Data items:
========================
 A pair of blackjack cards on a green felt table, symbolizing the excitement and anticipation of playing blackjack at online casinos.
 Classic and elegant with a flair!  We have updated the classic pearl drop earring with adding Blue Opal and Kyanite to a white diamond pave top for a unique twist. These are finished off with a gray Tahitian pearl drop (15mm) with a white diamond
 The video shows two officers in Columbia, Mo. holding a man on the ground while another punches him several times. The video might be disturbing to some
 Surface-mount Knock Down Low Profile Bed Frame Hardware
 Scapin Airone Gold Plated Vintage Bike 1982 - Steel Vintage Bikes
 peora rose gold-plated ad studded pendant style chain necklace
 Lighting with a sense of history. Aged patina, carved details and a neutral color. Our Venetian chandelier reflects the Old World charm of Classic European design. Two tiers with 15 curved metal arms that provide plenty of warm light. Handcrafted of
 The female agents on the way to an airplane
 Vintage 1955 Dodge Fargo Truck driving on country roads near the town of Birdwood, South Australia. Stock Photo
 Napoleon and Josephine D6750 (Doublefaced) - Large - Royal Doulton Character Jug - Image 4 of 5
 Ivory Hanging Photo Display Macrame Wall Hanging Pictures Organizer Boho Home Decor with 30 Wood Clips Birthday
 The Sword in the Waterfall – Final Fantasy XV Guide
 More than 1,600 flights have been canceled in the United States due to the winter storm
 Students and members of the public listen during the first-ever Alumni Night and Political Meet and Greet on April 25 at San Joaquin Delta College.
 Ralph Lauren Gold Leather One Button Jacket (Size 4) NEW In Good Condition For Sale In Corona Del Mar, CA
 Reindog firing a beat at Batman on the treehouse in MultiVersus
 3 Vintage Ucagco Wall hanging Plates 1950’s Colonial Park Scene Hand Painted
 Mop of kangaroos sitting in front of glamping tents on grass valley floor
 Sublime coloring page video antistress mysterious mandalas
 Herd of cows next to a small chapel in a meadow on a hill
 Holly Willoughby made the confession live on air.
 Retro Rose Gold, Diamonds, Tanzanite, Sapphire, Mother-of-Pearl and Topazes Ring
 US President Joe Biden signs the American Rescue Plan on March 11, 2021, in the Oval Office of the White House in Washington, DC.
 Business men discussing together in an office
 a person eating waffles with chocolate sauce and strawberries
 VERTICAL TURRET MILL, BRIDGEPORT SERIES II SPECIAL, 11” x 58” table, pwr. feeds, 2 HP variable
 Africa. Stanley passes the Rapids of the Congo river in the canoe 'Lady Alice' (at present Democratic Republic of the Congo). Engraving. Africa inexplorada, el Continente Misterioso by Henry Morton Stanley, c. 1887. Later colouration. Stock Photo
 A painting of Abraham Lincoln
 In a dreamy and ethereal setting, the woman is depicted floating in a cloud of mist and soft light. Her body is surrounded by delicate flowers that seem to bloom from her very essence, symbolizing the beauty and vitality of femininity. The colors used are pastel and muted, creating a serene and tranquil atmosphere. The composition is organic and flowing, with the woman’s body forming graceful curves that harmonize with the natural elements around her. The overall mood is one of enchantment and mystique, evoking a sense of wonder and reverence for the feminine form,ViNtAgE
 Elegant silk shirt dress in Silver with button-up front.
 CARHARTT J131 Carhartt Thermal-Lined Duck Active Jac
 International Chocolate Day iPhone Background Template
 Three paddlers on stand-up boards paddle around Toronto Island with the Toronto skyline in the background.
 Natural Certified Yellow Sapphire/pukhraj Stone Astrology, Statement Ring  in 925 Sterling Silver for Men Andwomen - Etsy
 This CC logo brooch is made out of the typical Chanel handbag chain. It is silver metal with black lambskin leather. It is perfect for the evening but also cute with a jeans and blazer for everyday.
========================
**EXERCISE**
Every line above from the line with "Business men discussing" to the line with "A painting of Abraham Lincoln", both included, must be reproduced exactly, and no other line may appear.

**COMPLETED TASK**
 Business men discussing together in an office
 a person eating waffles with chocolate sauce and strawberries
 VERTICAL TURRET MILL, BRIDGEPORT SERIES II SPECIAL, 11” x 58” table, pwr. feeds, 2 HP variable
 Africa. Stanley passes the Rapids of the Congo river in the canoe 'Lady Alice' (at present Democratic Republic of the Congo). Engraving. Africa inexplorada, el Continente Misterioso by Henry Morton Stanley, c. 1887. Later colouration. Stock Photo
 A painting of Abraham Lincoln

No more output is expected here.